### Data provided
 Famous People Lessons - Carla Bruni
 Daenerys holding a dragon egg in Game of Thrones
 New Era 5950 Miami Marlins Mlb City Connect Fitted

### Task to complete
Transcribe the full listing exactly, omitting nothing.

### Solution to the problem
 Famous People Lessons - Carla Bruni
 Daenerys holding a dragon egg in Game of Thrones
 New Era 5950 Miami Marlins Mlb City Connect Fitted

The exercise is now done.